## WHAT YOU NEED TO DO
The lines to retype run from the one containing "Photo of the Philippine flag" through the end of the listing below. Reproduce them exactly, leaving out pictures.

===== INFORMATION PROVIDED

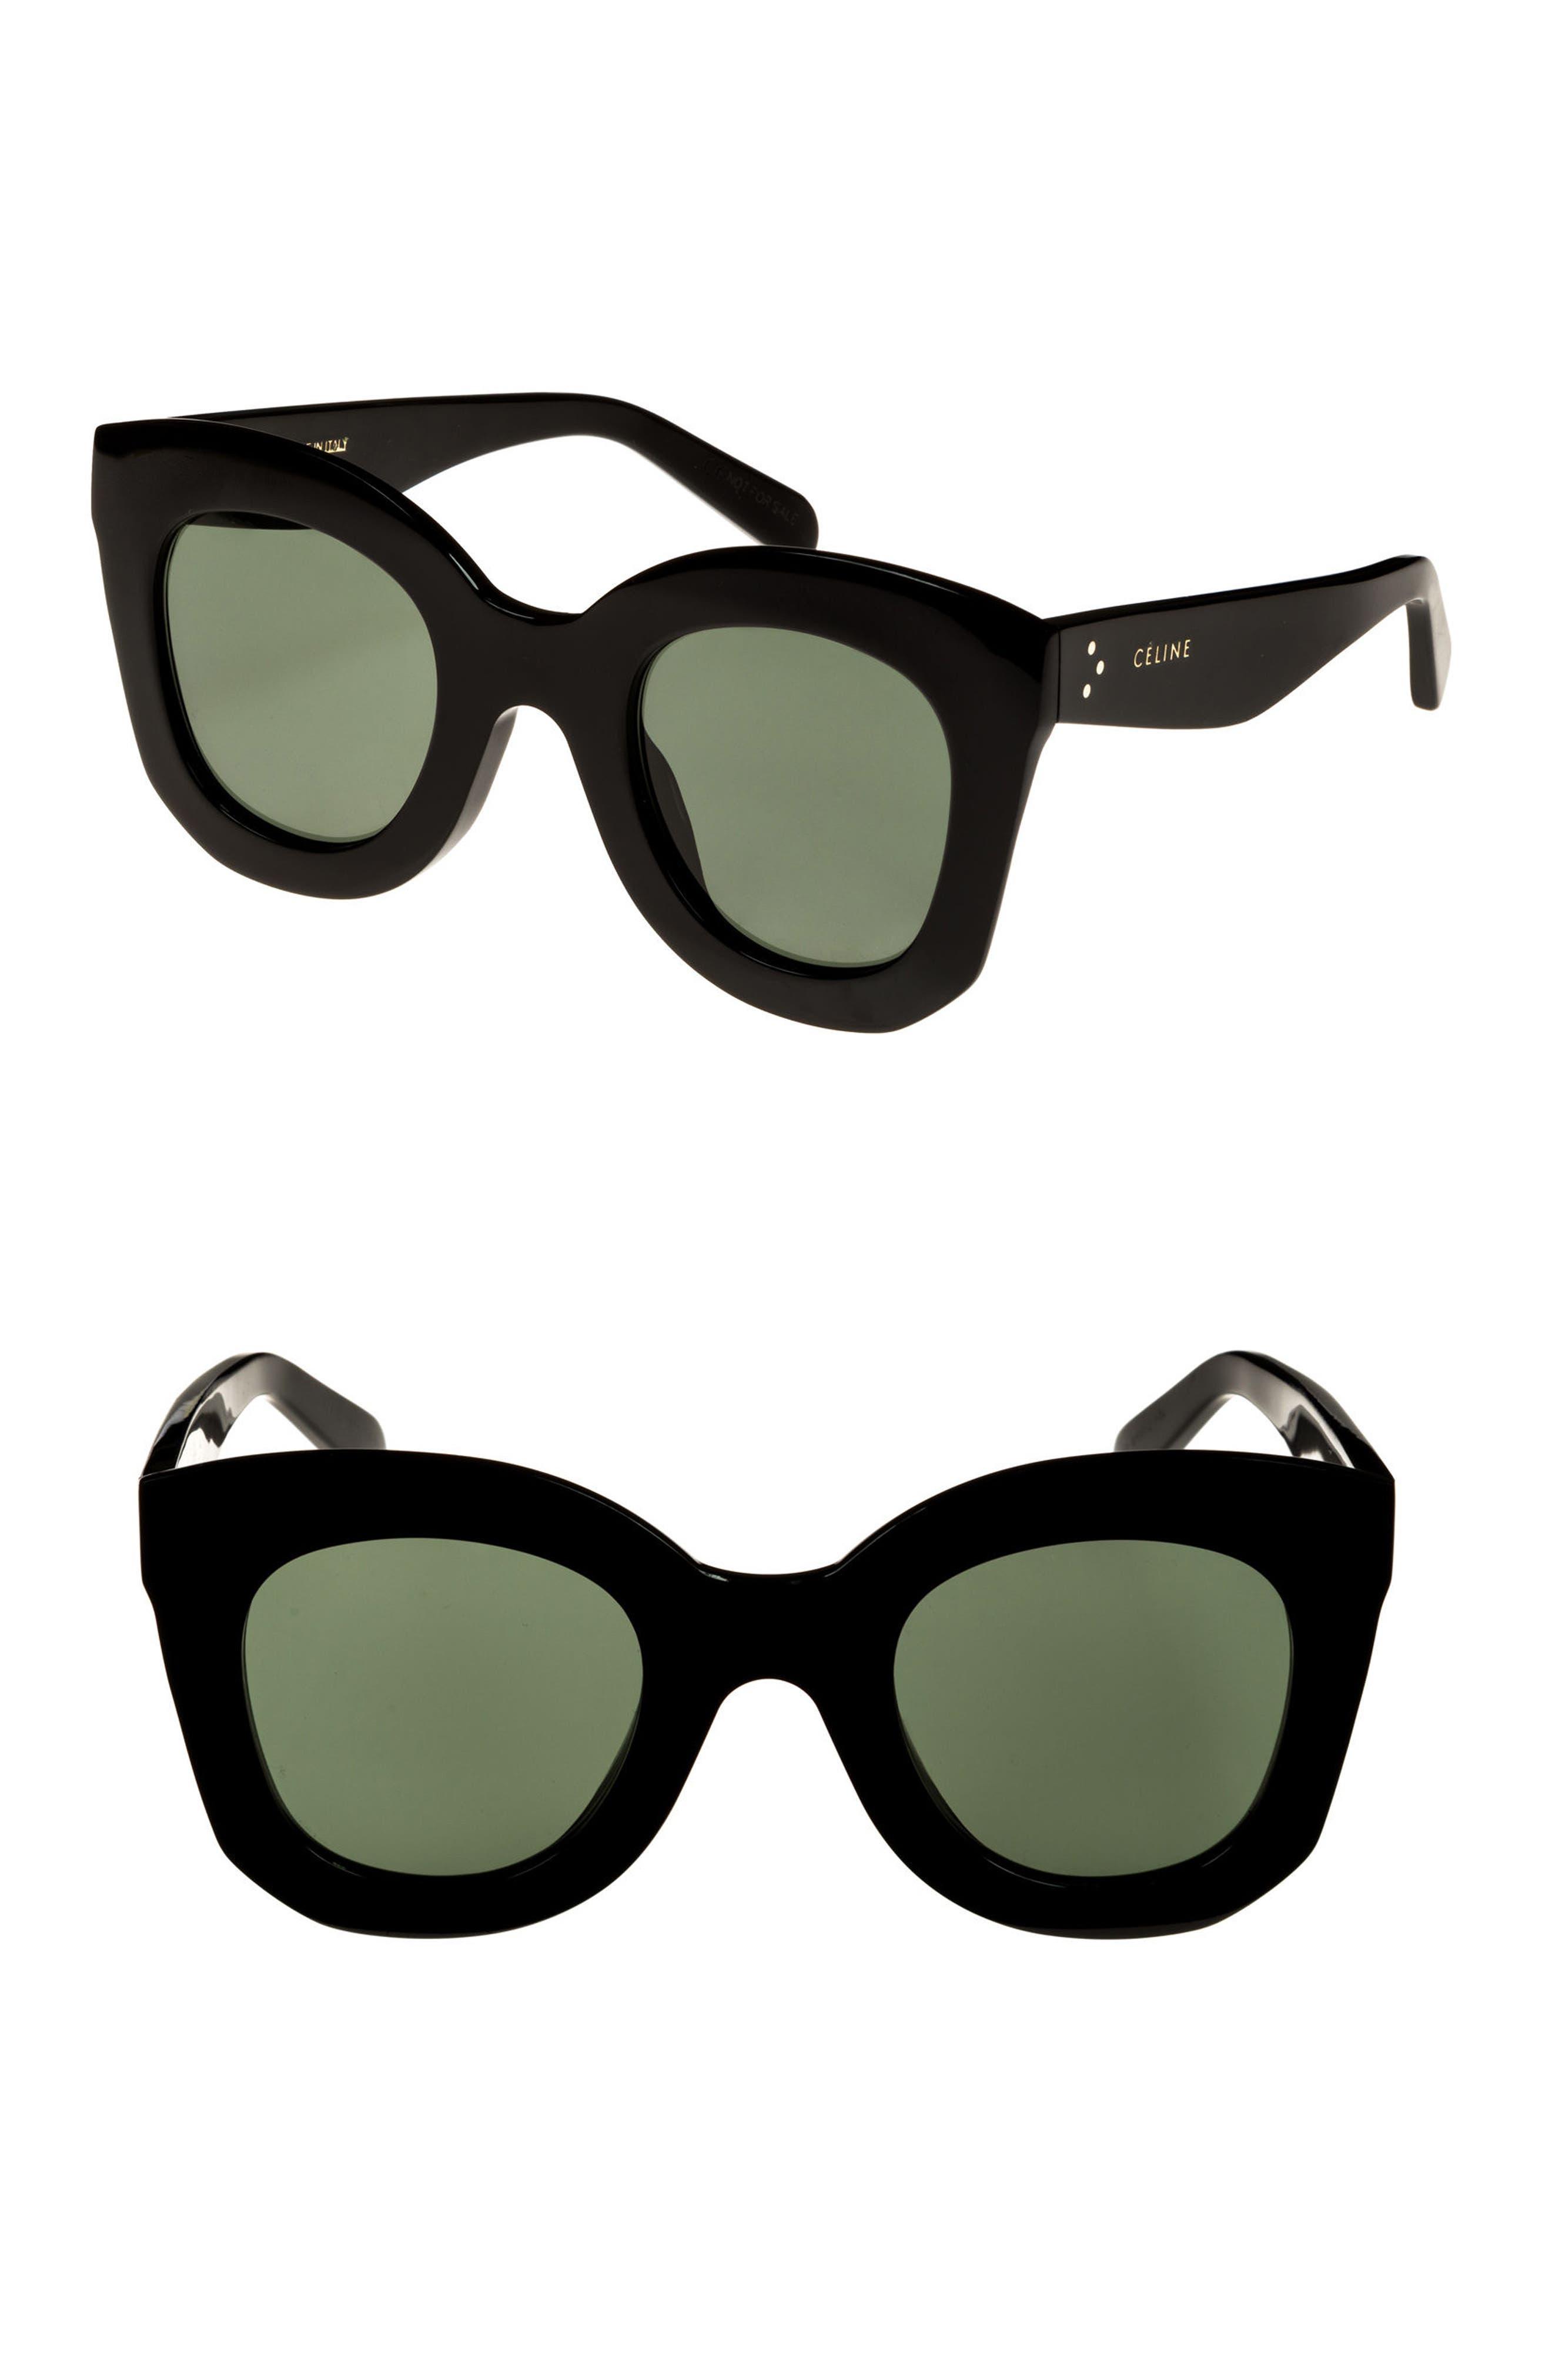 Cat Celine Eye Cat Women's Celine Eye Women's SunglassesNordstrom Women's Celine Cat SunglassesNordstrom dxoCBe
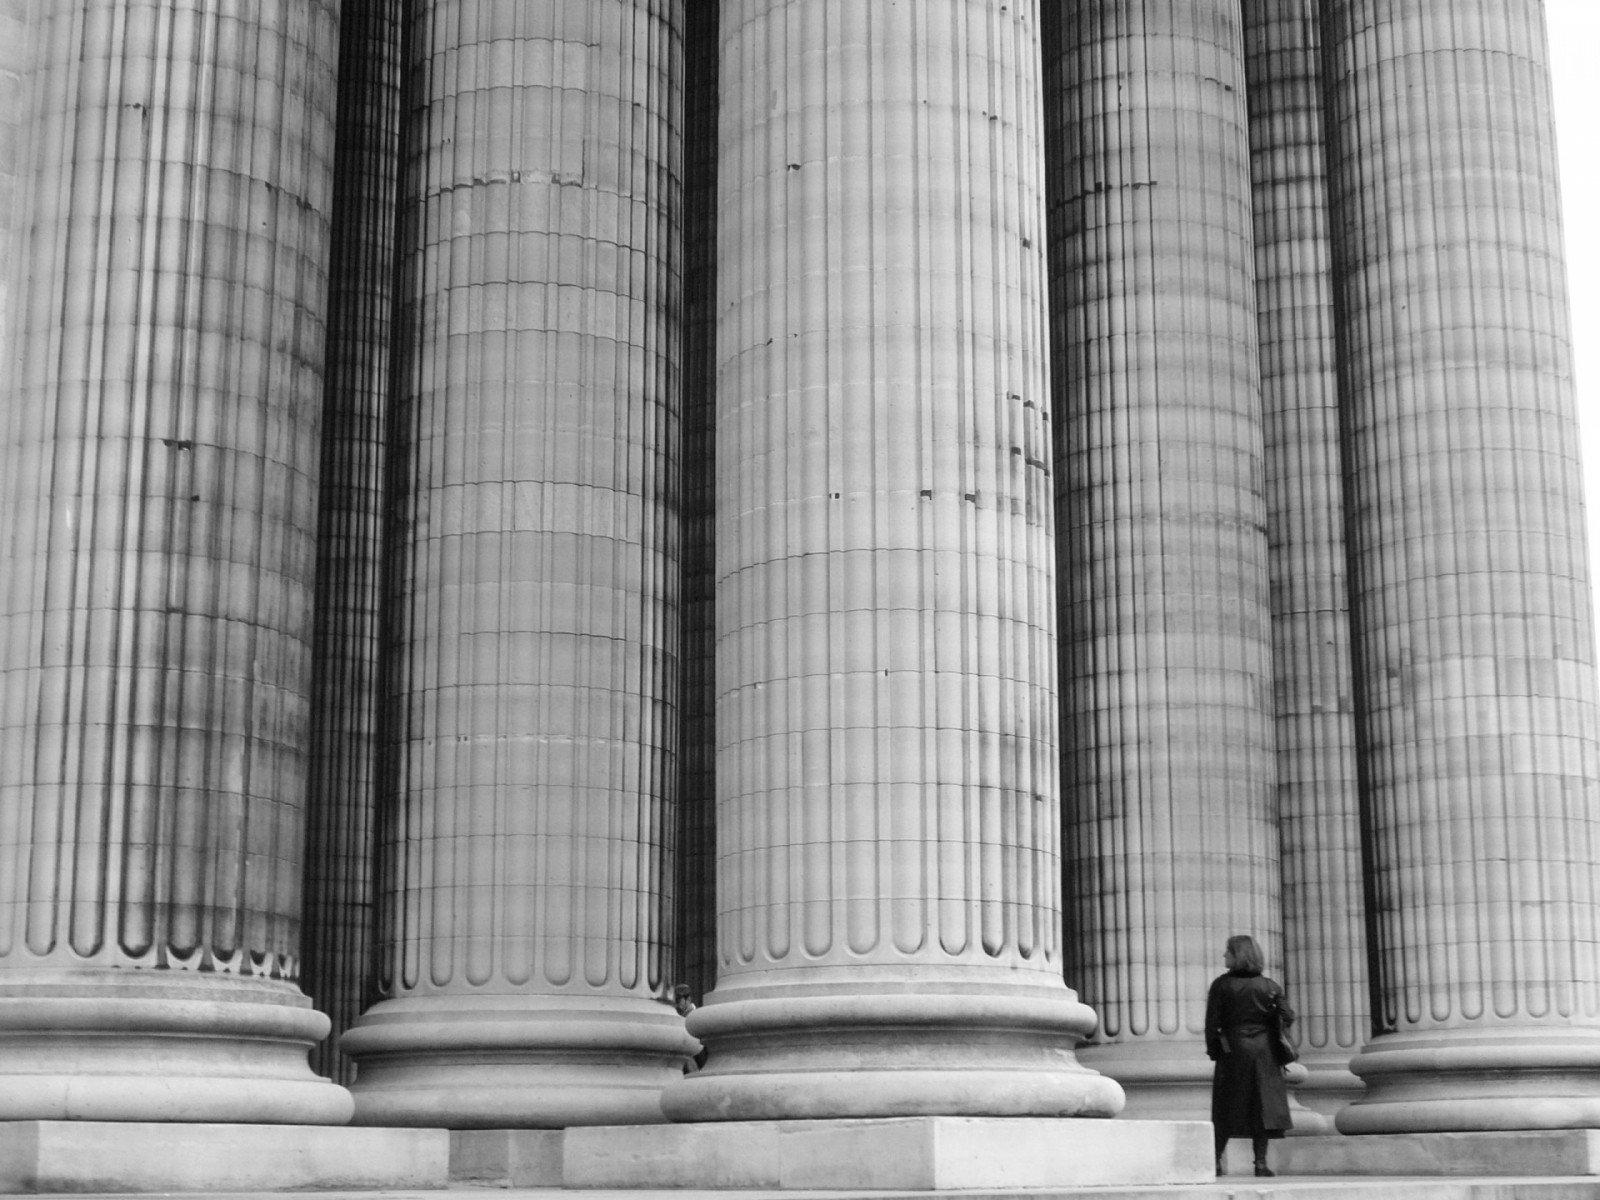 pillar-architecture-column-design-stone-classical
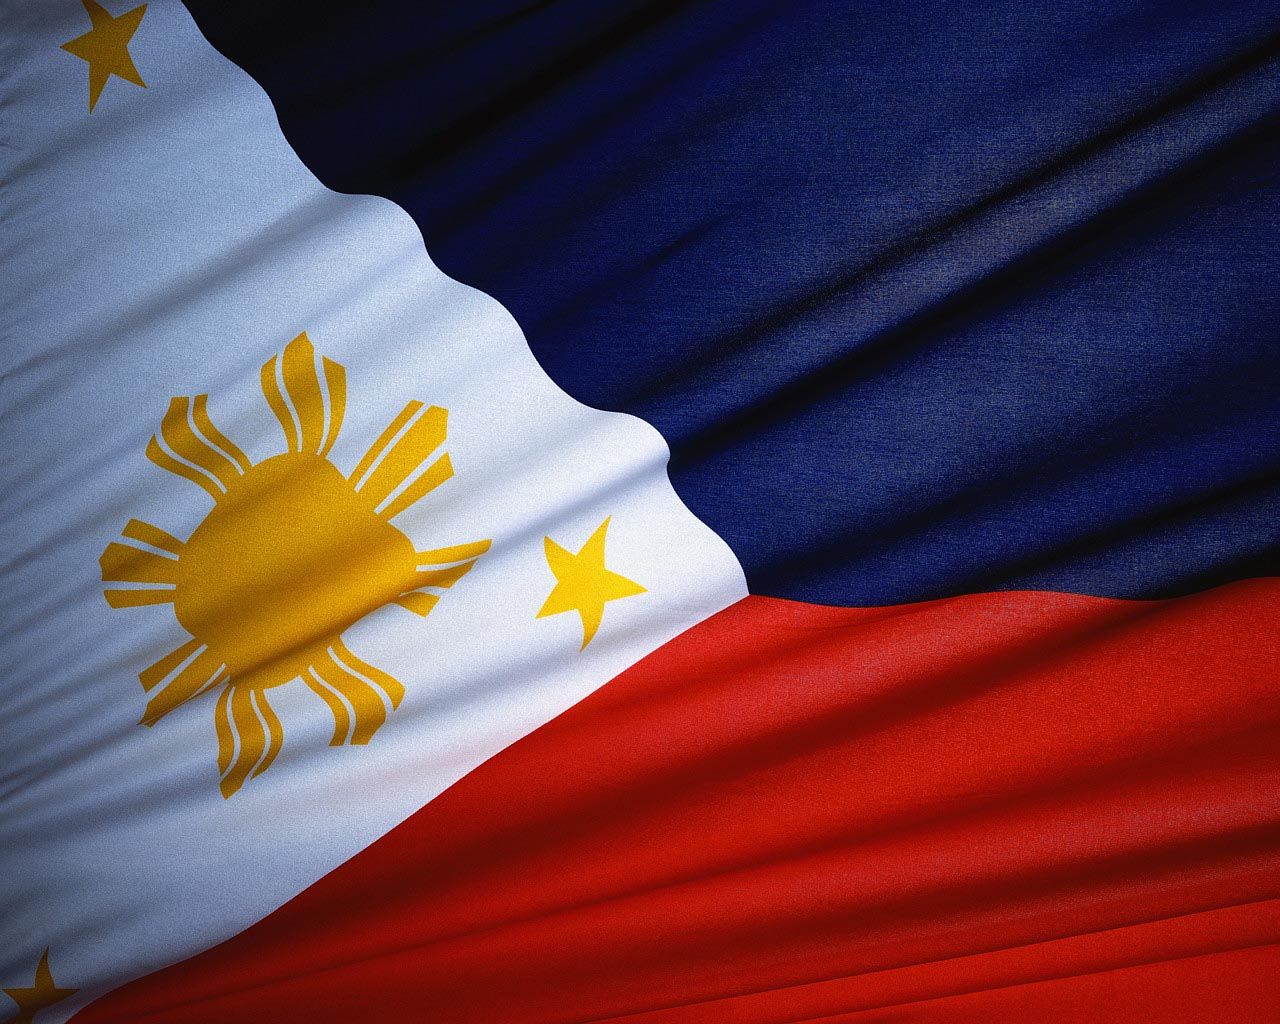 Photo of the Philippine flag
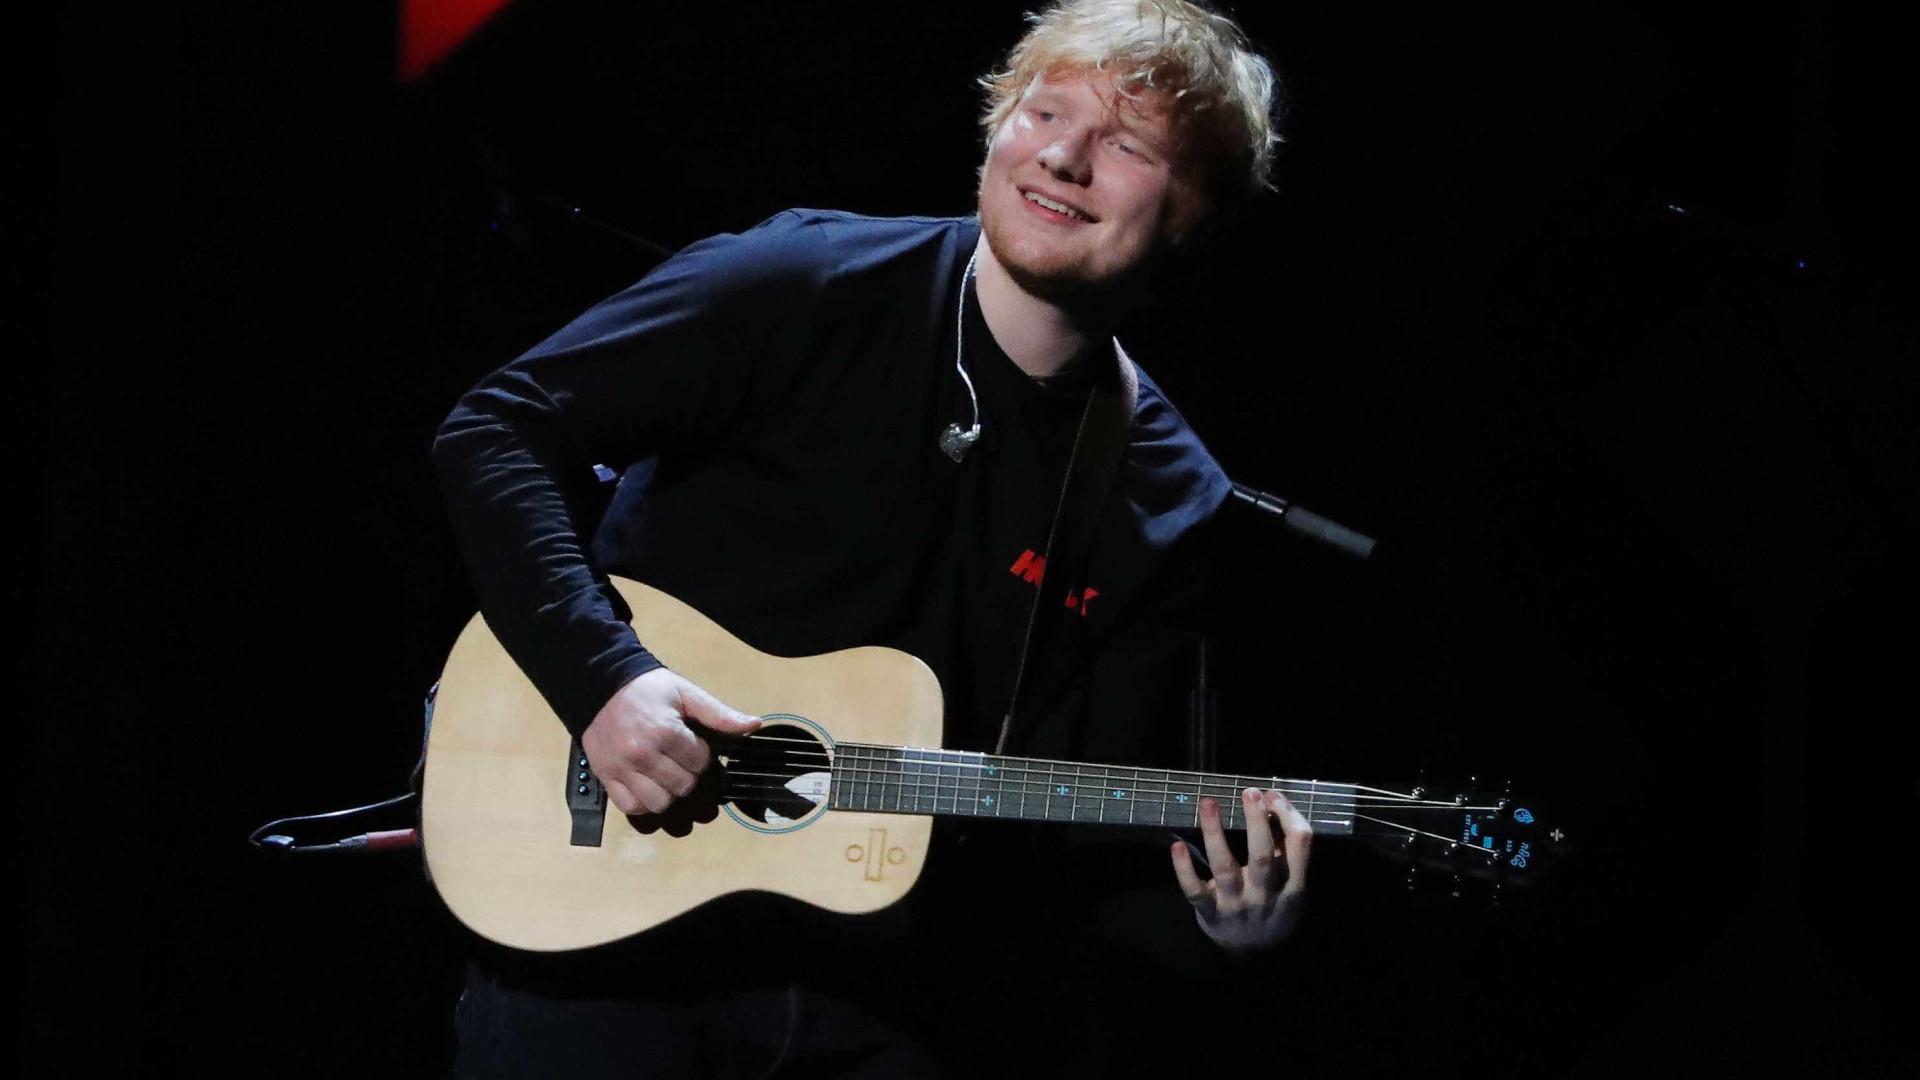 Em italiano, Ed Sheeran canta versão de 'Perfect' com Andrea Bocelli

==========

## EXERCISE SOLUTION
 Photo of the Philippine flag
 Em italiano, Ed Sheeran canta versão de 'Perfect' com Andrea Bocelli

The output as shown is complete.